Первый стоматолог (GP) имел более чем пятнадцатилетний опыт работы в области имплантологиитрадиционным методом и более чем десятилетний опыт работы в s-CAI. Второй (FD) был стоматологом-аспирантом, абсолютным новичком в общей стоматологической практике. Имплантаты устанавливались независимо в разных местах, предназначенных для выполнения процедуры, и записывалось затраченное время. Для каждой модели был использован новый комплект фрез, чтобы устранить влияние износа инструмента. Время работы было записано в секундах и обработано статистически.
После этого имплантированные модели были еще раз подвергнуты КЛКТ-сканированию, и данные DICOM были импортированы в программное обеспечение, упомянутое выше (метод № 1). Изображения были сопоставлены без сегментации имплантатов и преобразования данных STL.
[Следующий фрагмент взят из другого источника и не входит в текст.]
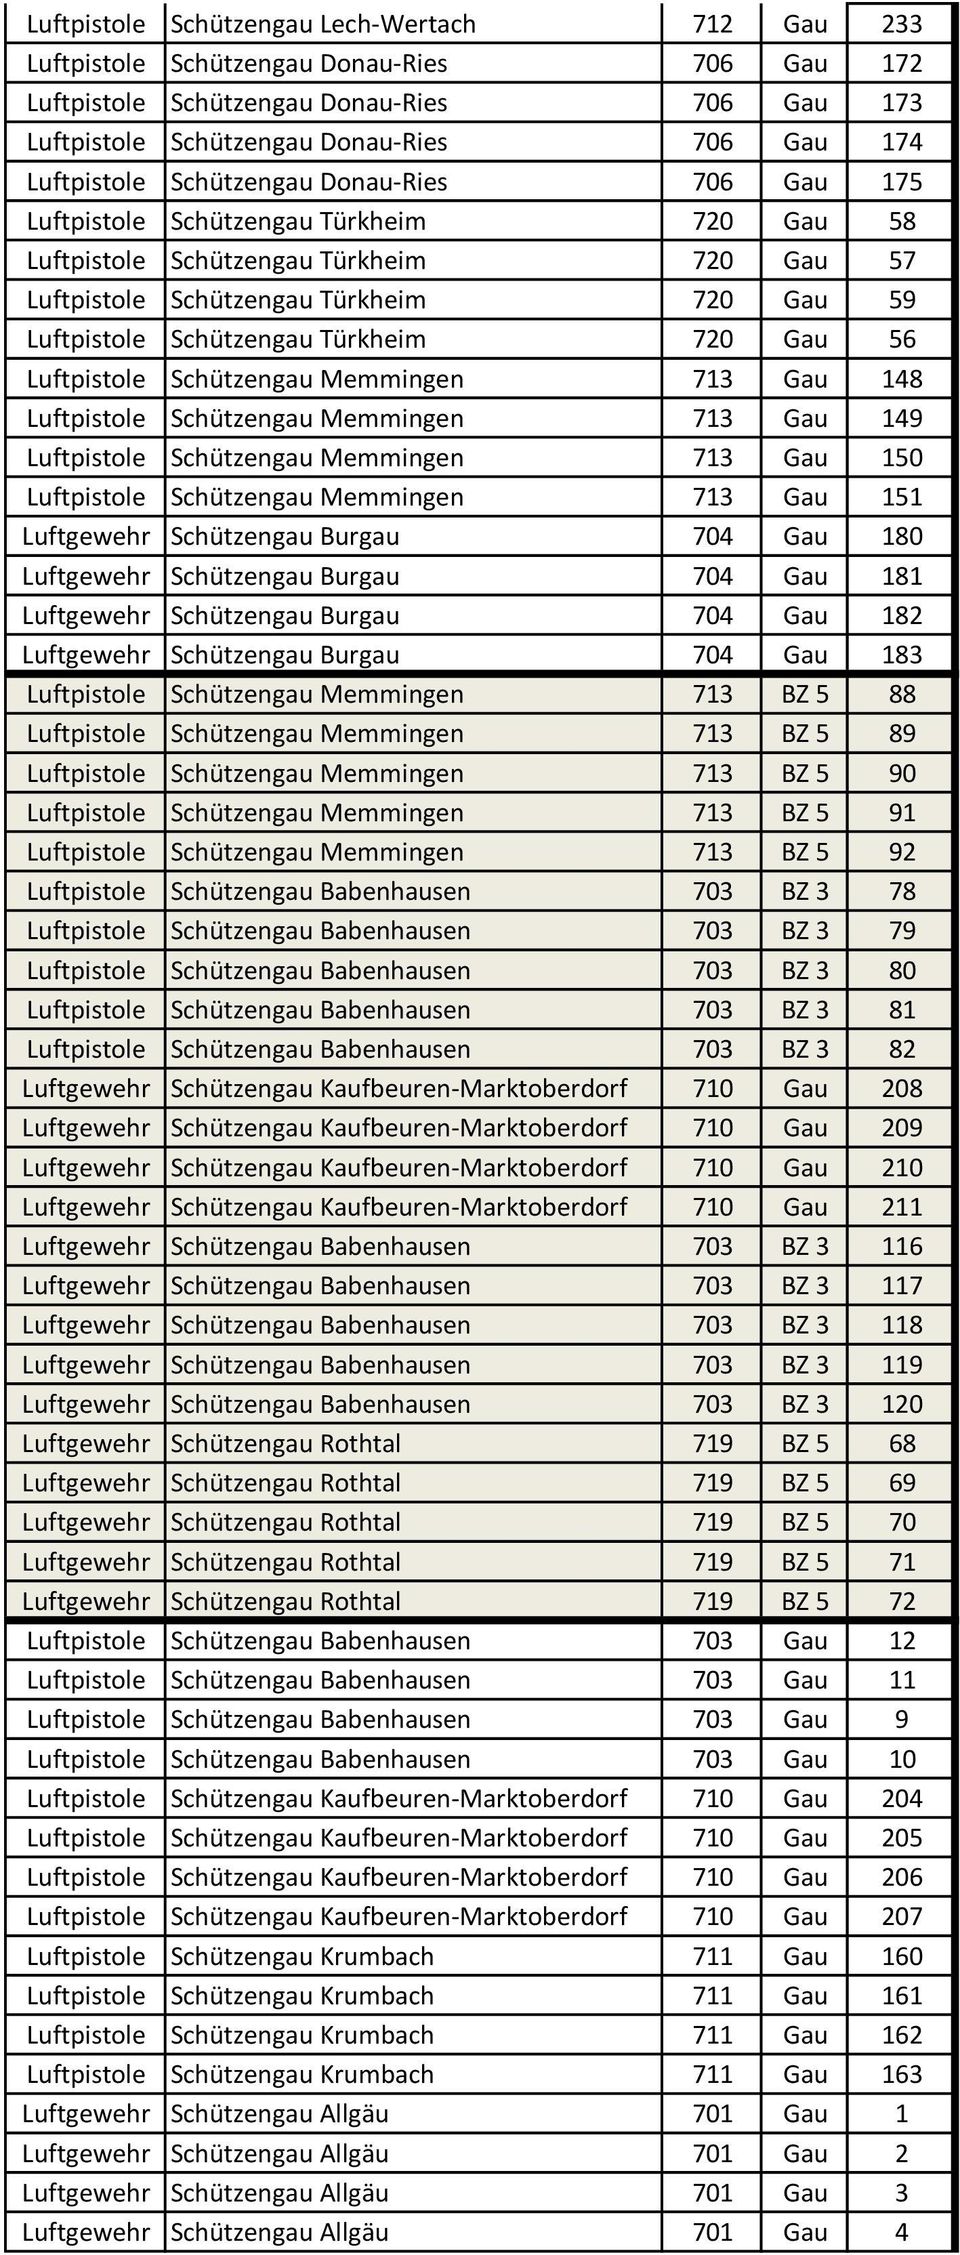 Schützengau Türkheim 720 Gau 56 Luftpistole Schützengau Memmingen 713 Gau 148 Luftpistole Schützengau Memmingen 713 Gau 149 Luftpistole Schützengau Memmingen 713 Gau 150 Luftpistole Schützengau

Оптическое сканирование полимерных моделей проводилось с помощью лабораторного сканера (EGS dscan3) и внутриротового сканера (3 ShapeTrios, Копенгаген, Дания) после установки скан-абатментов, как в методах № 2 и №3.
Данные сканирования, полученные тремя методами, экспортированные в виде данных STL, были проанализированы объемно, а виртуальные модели до и после операции и имплантаты были сопоставлены с помощью программного обеспечения GOM. Результат был особым образом экспортирован и загружен в программное обеспечение Meshmixer, которое смогло удалить накладывающиеся поверхности моделей, сохранив при этом поверхности имплантатов (рис. 2).
2.2. Параметры измерений для анализа точности
Для каждой поверхности имплантата точка входа (E) и апикальная точка (А) были определены как наиболее корональные и апикальные точки, соответственно, полученные из геометрического пересечения симметричной линии имплантата и его поверхности. Расстояние между этими двумя точками было разделено на три векторных компонента: вестибулярно-лингвальный (x), мезиодистальный (y) и апикально-коронально (z), и предполагается, что это значения отклонения от запланированных положений в соответствующих частях имплантата (Edx, Edy, Edz; Adx, Ady и Adzz).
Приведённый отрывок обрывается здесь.